Ooo exciting - fx for you abi!

Fed up - you poor thing - I hate bursting into tears at work but sometimes you jus can't keep emotions in. I'm glad it was someone who understands and he was supportive. And that is a positive story about them having #2 after 3mc

Not much to report for me, I'm just lurking and waiting for AF to go. Only cd 5 so just waiting until I can start testing with opks on cd10. I get fed up of waiting for key times of the month and wishing the rest of the time to go quickly! But I guess we all do that a bit reall...

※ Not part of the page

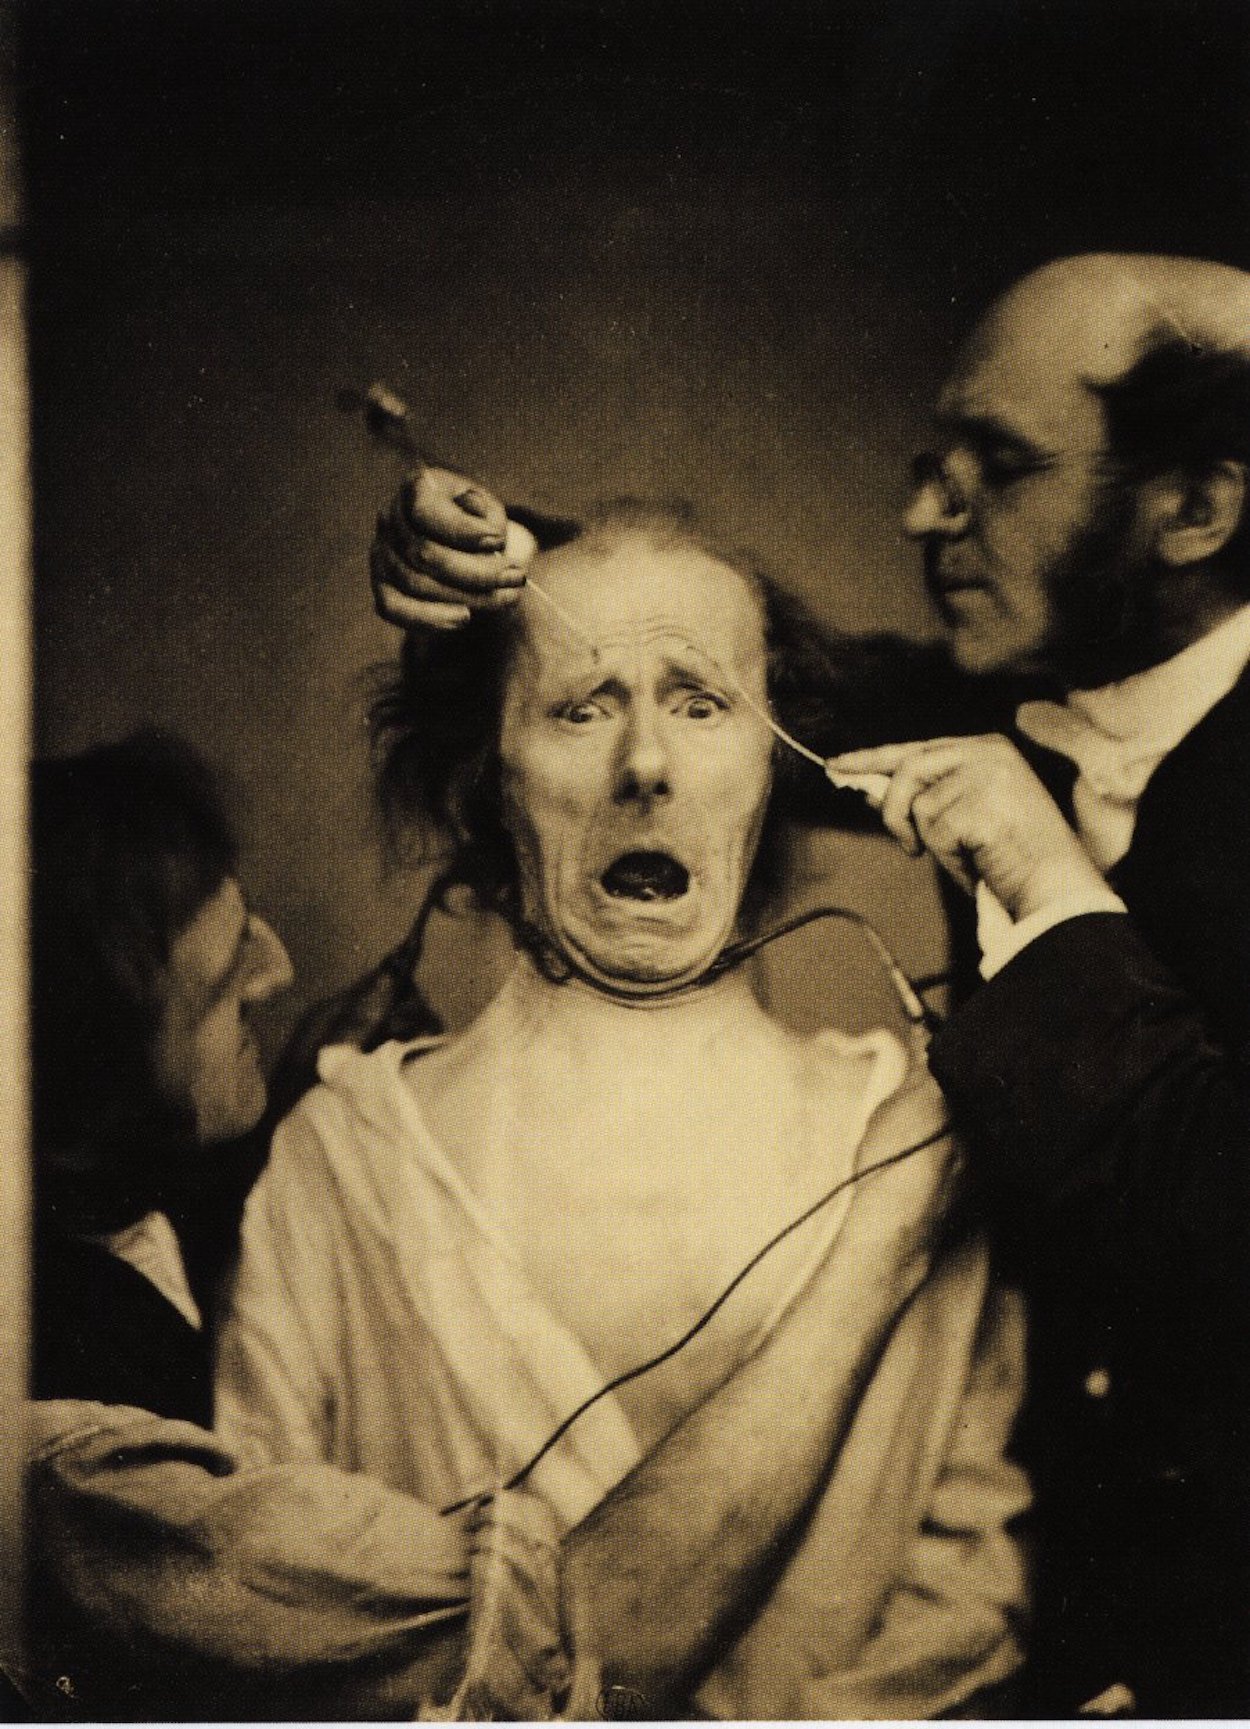 Duchenne e o seu assistente criam uma expressão de medo através de eletroestimulação by Paul Nadar - c. 1862

dildoos · 24/07/2013 13:03

Abi????? Where are you? Still in shock with bfp say there looking at the +++++++ I hope Grin x

fedupofrainydays · 24/07/2013 17:06

Where are you abi ?! We need to know!!

One I start with opks on cd 8 and good thing as this month it was pos on cd9! I hate the 2 ww. The 'lower' down cramps have begun that i used to think were pregnancy related / implantation but quickly realised no, and was told my the doctor no, apparently it's 'just me'. Helpful!

geta without being rude I'm not sure my mum is particularly bright. Although my dad is super clever so I can report I'm somewhere in the middle!! She obvs thinks we all ovulated at same time, and her's happened to be 4 days after the end of her period so apparently mine should be too. Funnily enough though, I think she was right this month so I should swallow my words. But... This was an usual month. I agree, you just want empathy... And a bit of love not more advice that you already know...

Indeed, was just thinking this morning how its so nice to have a group of, albeit faceless, ladies to talk to who genuinely get what I'm going through - thanks ladies xx

I clearly need to steer clear from boots if their bogof is still going.... Yikes! We got one of those pie chart bank statements through yesterday and I had visions of one day opening it up to a huge segment of spend saying 'pregnancy tests, opks and other pointless ttc paraphernalia' !!!